Online Stress Testing

MindCluster supports online stress tests during training. That is, you can call the online stress testing interface to suspend a specified training job and perform hardware P2P or AIC stress tests on the nodes running the job. If no fault exists, training resumes. If a fault exists, the faulty node is isolated and resumable training is triggered.

Restrictions

  • For PyTorch, this function must be used with MindSpeed-LLM 2.3.0. For details about the version mapping, see MindSpeed-LLM.
  • For MindSpore, this function must be used with MindFormers master. For details about the version mapping, see MindSpore MindFormers.
  • Deliver the online stress test command after the training iteration is normal.
  • Ensure that process-level recovery has been enabled.
  • ClusterD cannot be restarted during stress testing. If ClusterD is restarted unexpectedly, restart training and deliver a stress test.
  • During stress testing, hot reset needs to be disabled.
  • P2P stress testing requires the device to have more than 10 GB of idle memory.
  • Add the nodeDEnable=on label to the node to ensure that the node where stress testing is performed can be isolated.
  • For MindSpore, set export TASKD_PROCESS_ENABLE to on before starting TaskD Manager.

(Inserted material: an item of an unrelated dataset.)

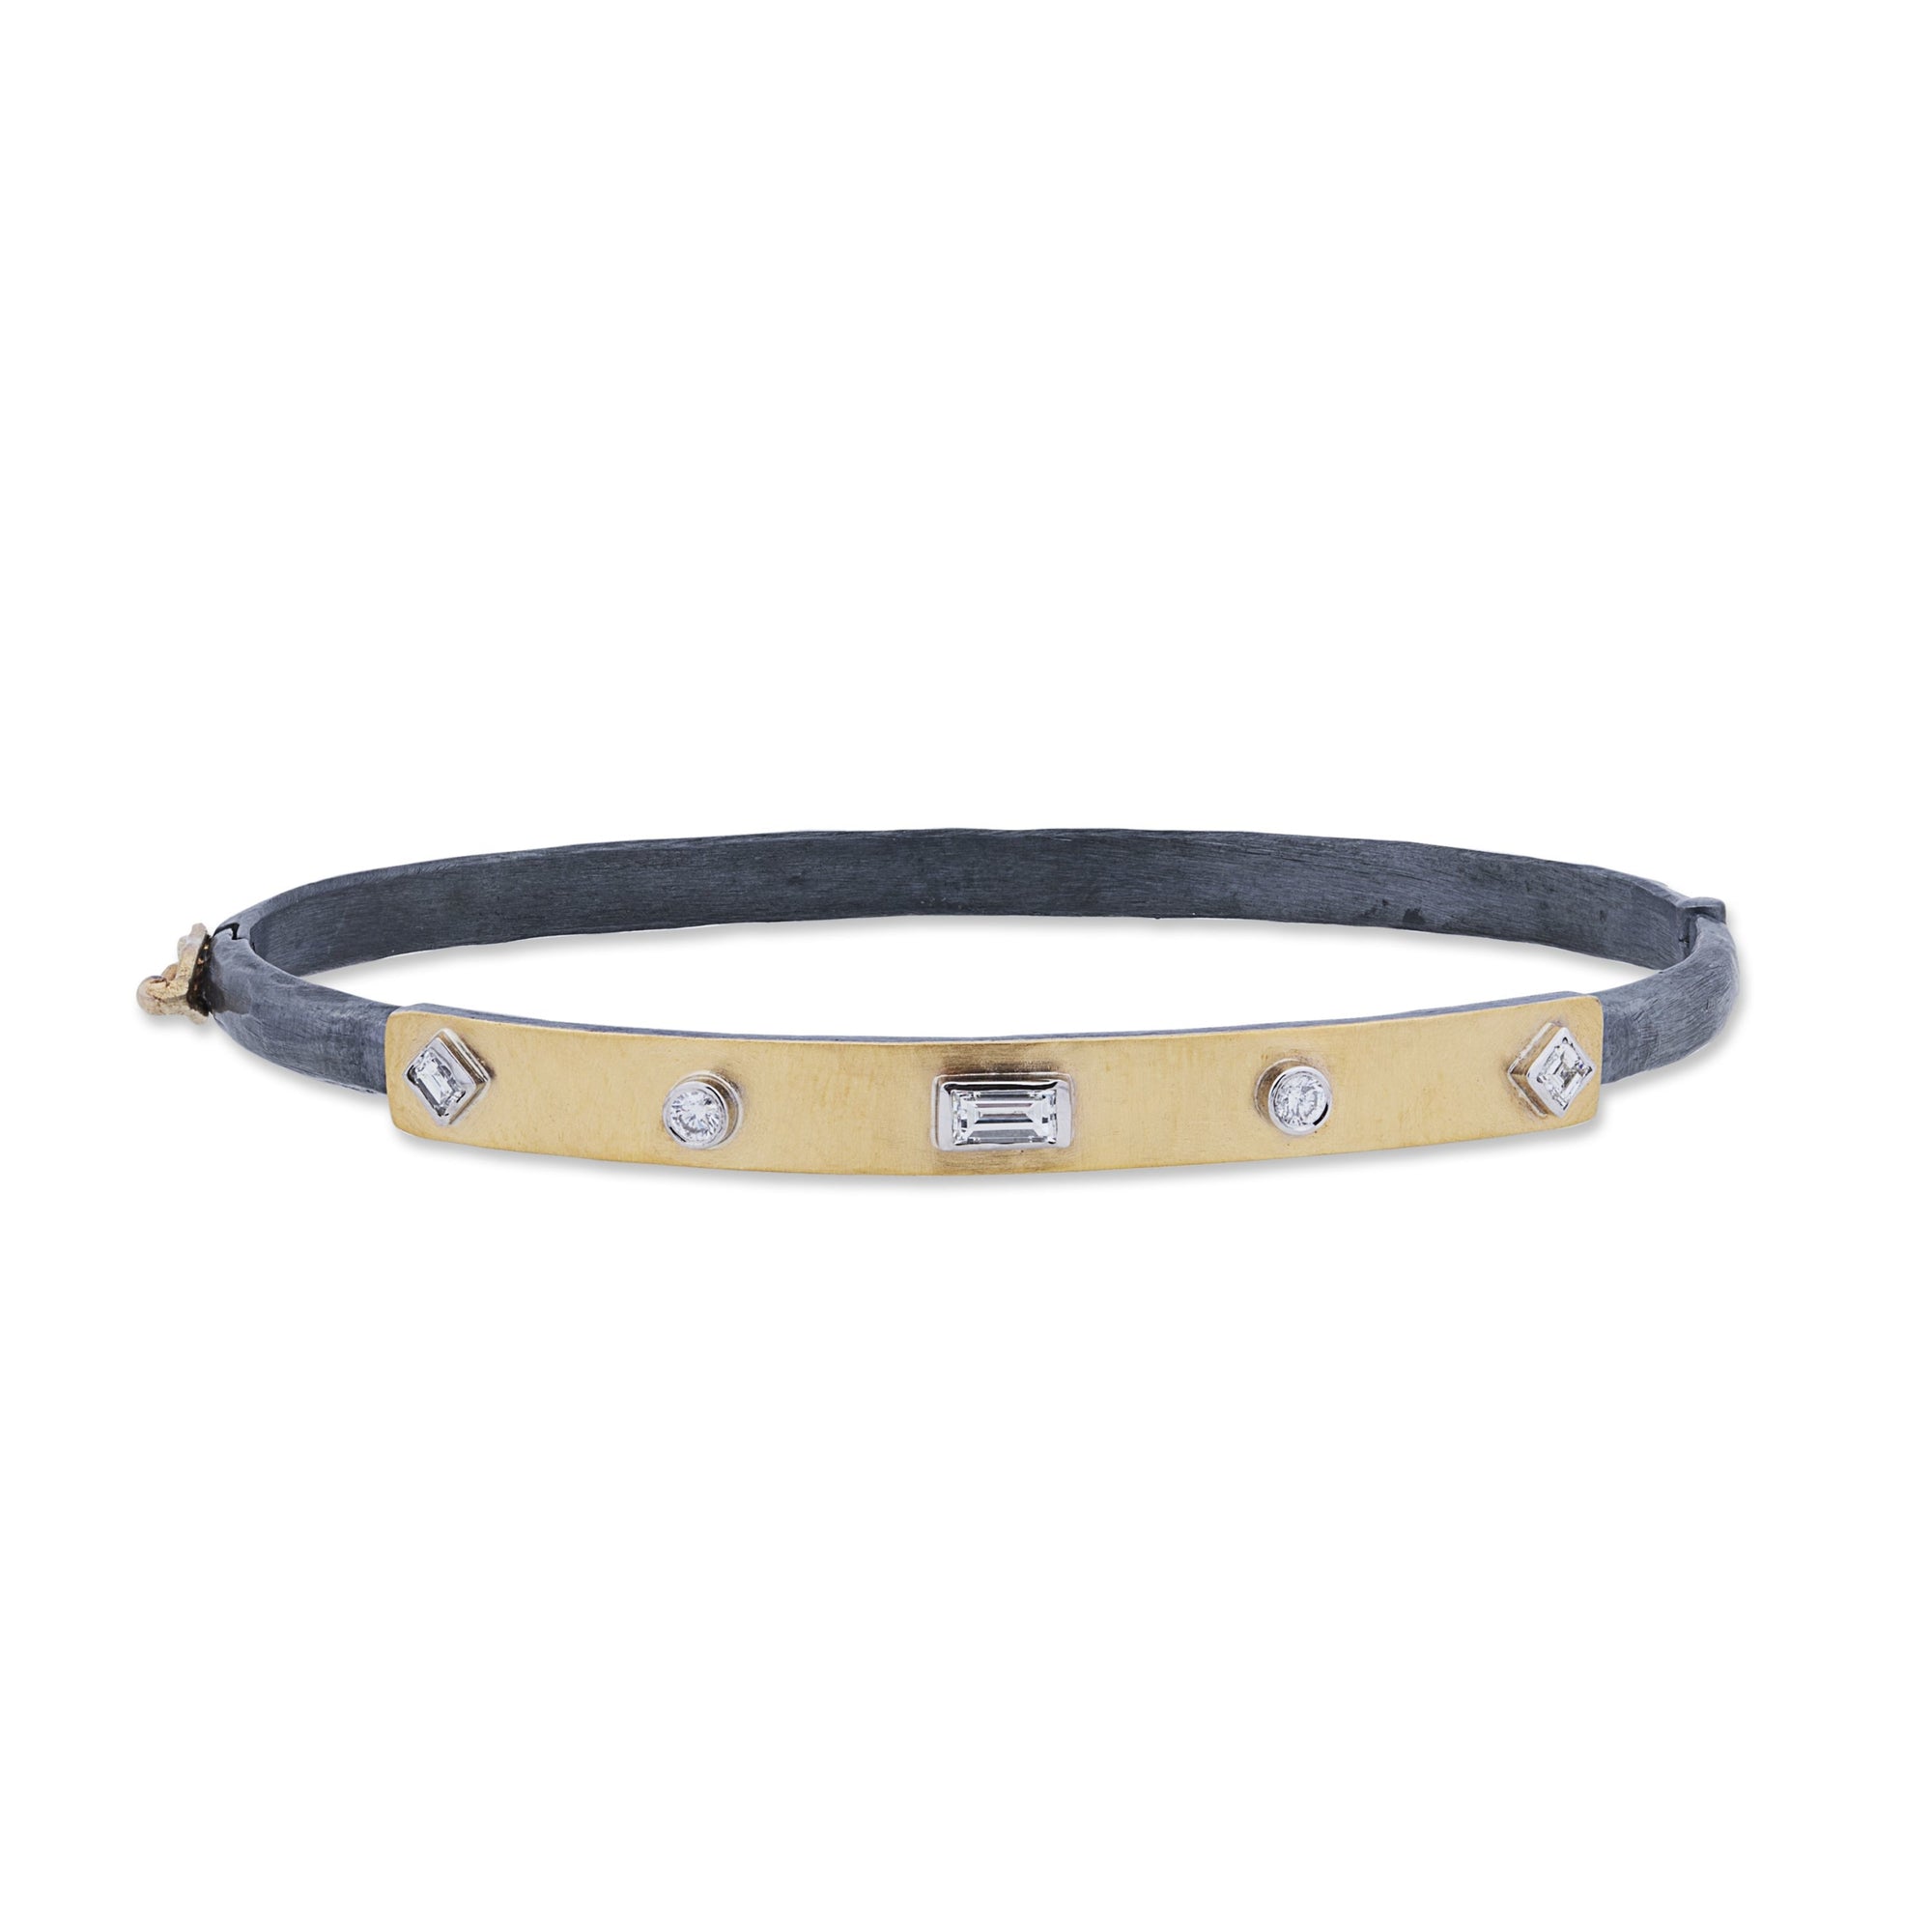 Lika Behar 24K Fusion Gold & Oxidized Silver "Stockholm New” Bracelet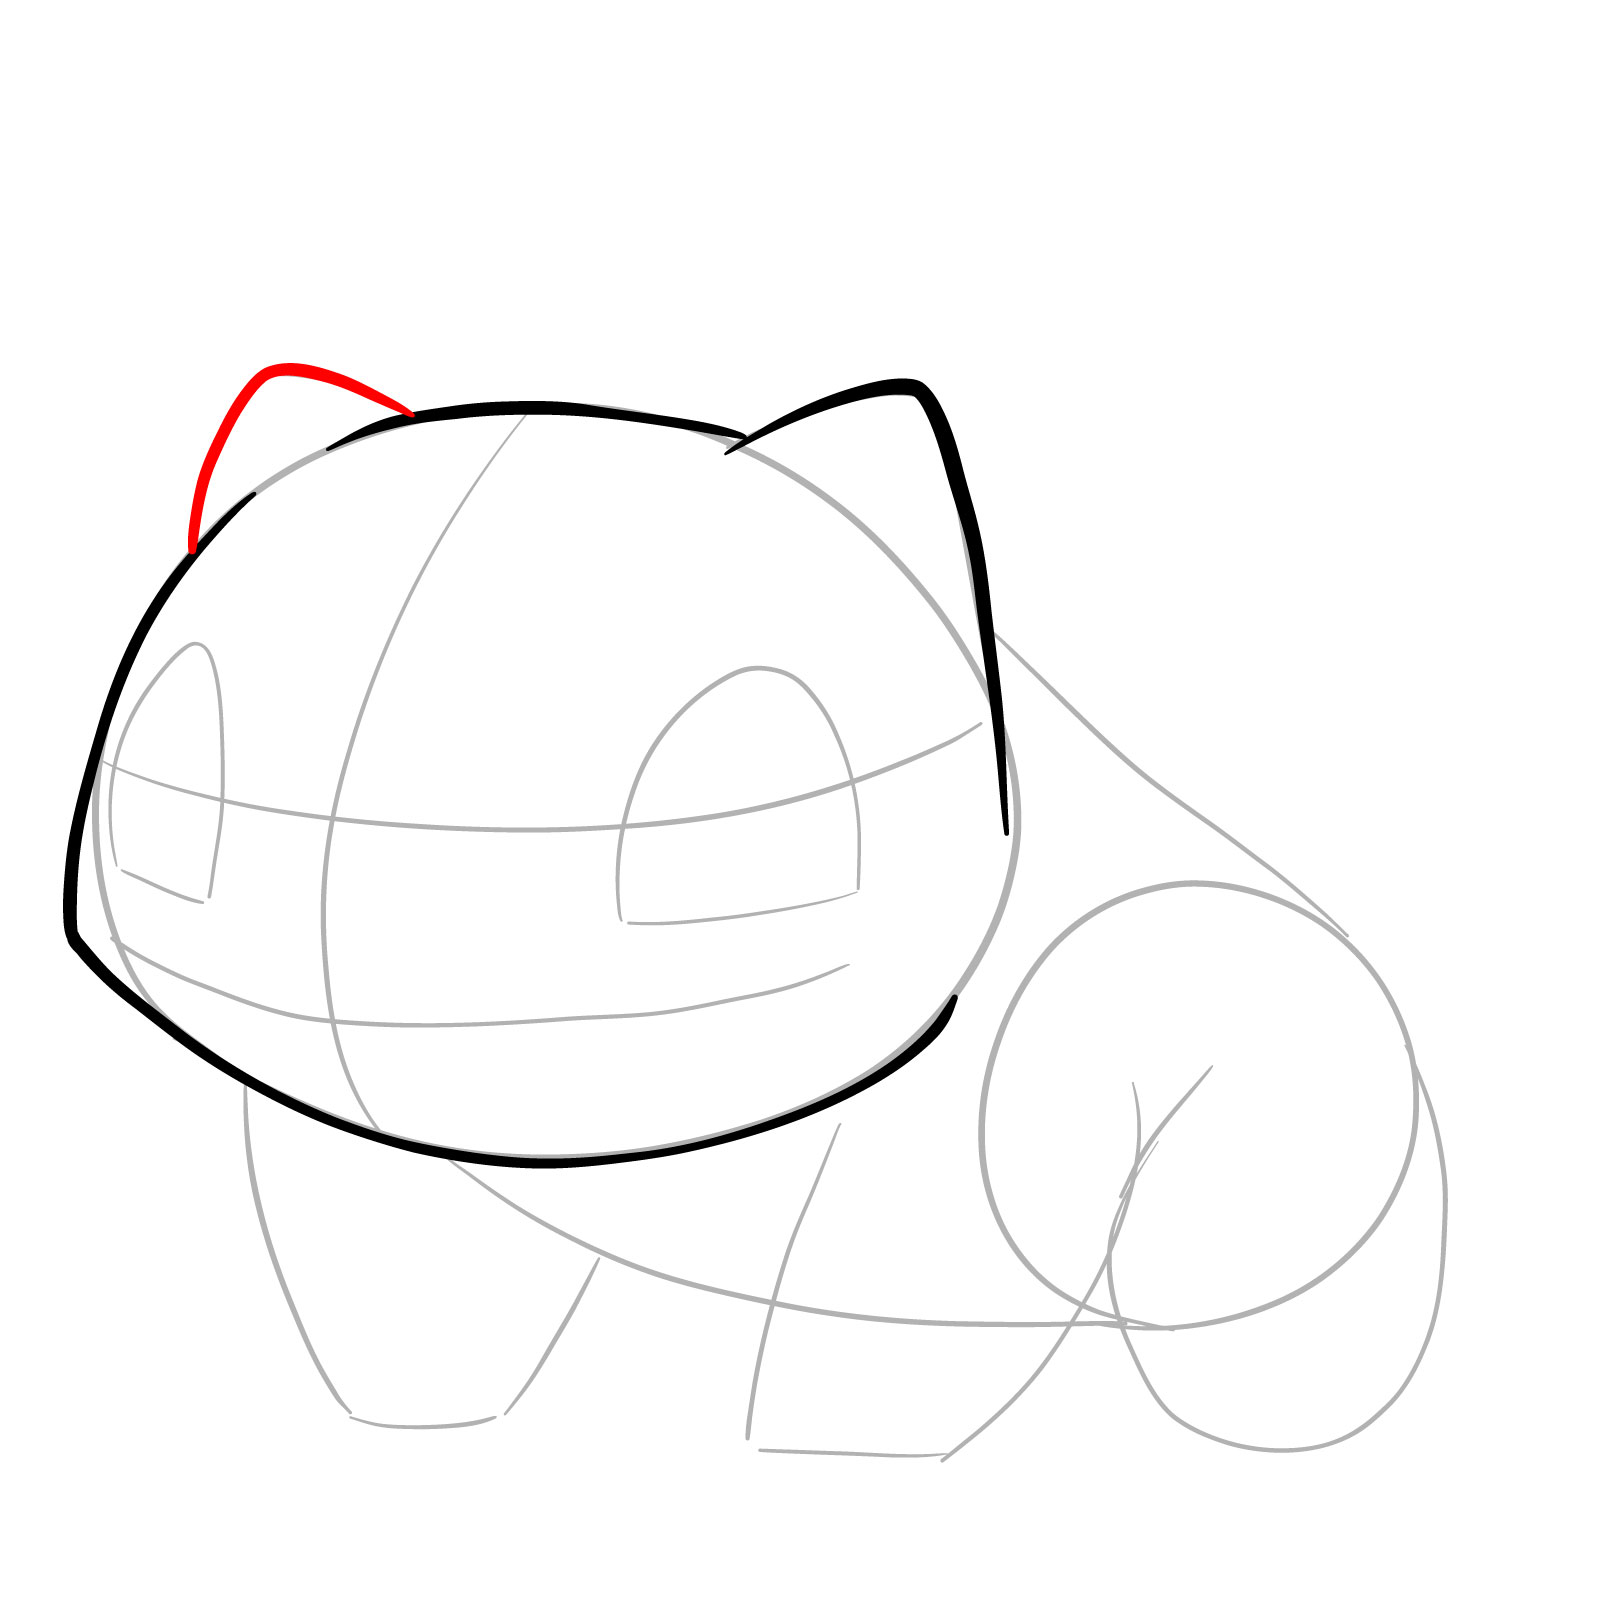 How to draw Bulbasaur - step 06

Supported Products and AI Frameworks

Table 1 Products and frameworks supported for online stress testing

Product Type

Hardware Form

Training Framework

Atlas A2 training product

Atlas 800T A2 training server

  • MindSpore
  • PyTorch

Atlas A3 training product

Atlas 900 A3 SuperPoD

  • MindSpore
  • PyTorch

Online Stress Testing Principles

Figure 1 Schematic diagram

The details of each step are as follows:

  1. An AI platform integrates ClusterD and calls the gRPC interface of ClusterD to deliver a stress test and specify the node to be tested.
  2. ClusterD instructs MindIO to suspend training.
  3. TaskD Manager instructs specified the TaskD Workers to call the training framework interface to perform stress testing.
  4. The training framework calls the CANN interface on the specified NPU to perform stress testing.
  5. After ClusterD determines that stress testing of the specified NPU is complete, TaskD instructs MindIO to continue the next step of training.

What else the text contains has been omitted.